- International digital single artwork

Single by Katy Garbi and Thodoris Ferris
- Released: 4 July 2022
- Genre: Laika, pop
- Length: 3:09
- Label: Panik Records; Panik Platinum;
- Songwriter(s): Phoebus
- Producer(s): Panagiotis Brakoulias

Katy Garbi singles chronology
| "Tryferotita" (2022) | "Ola Sta Katalogizo Όλα Στα Καταλογίζω" (2022) |  |

Thodoris Ferris singles chronology
| "Ftaio Kai Ego" (2022) | "Ola Sta Katalogizo" (2022) |  |

= Ola Sta Katalogizo =

"Ola Sta Katalogizo" (Όλα Στα Καταλογίζω, ) is a song recorded by Greek singers Katy Garbi and Thodoris Ferris. It was released on digital platforms on 4 July 2022 by Panik Platinum, a sub-label of Panik Records, as the fifth single from her upcoming twenty-first studio album.

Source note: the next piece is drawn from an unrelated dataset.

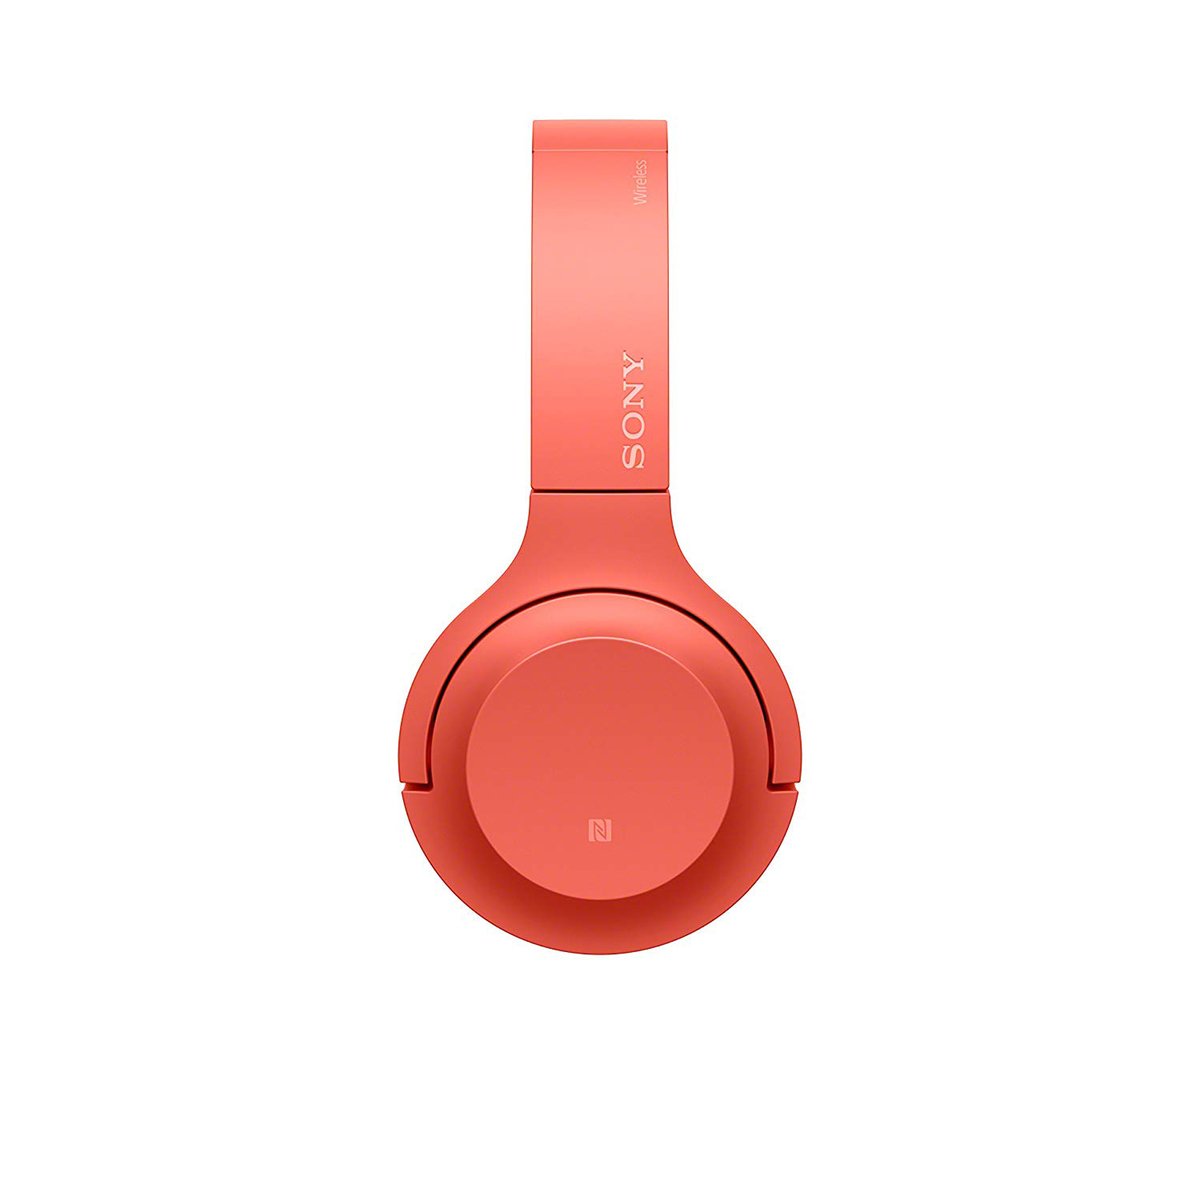 Sony Wireless Headphone WH-H800 Red

"Ola Sta Katalogizo" is a remake of the track written and produced by Phoebus contained on Garbi's 1997 album Evaisthisies. The track was re-recorded as a duet between Garbi and Ferris, who first performed the track live on 22 June 2022, at the "MAD Video Music Awards 2022".

A lyric video of the single was released by Panik Records on 5 July 2022.

==Background==
In April 2020, record label Panik Records released details of Garbi's upcoming discographic project, which would contain duets and collaborations between Garbi and various well known male singers covering some of her most well-known songs written by Phoebus. These details were publicised in a media release, timed to coincide with the precursor single of the album "Kivotos", a duet with Antonis Remos. A further three tracks were released, including "I Patrida Mou" with Melisses contained on the band's album "Duets", and the singles "Atofio Hrisafi" with Dionysis Schinas and "Tryferotita" with Yannis Ploutarchos.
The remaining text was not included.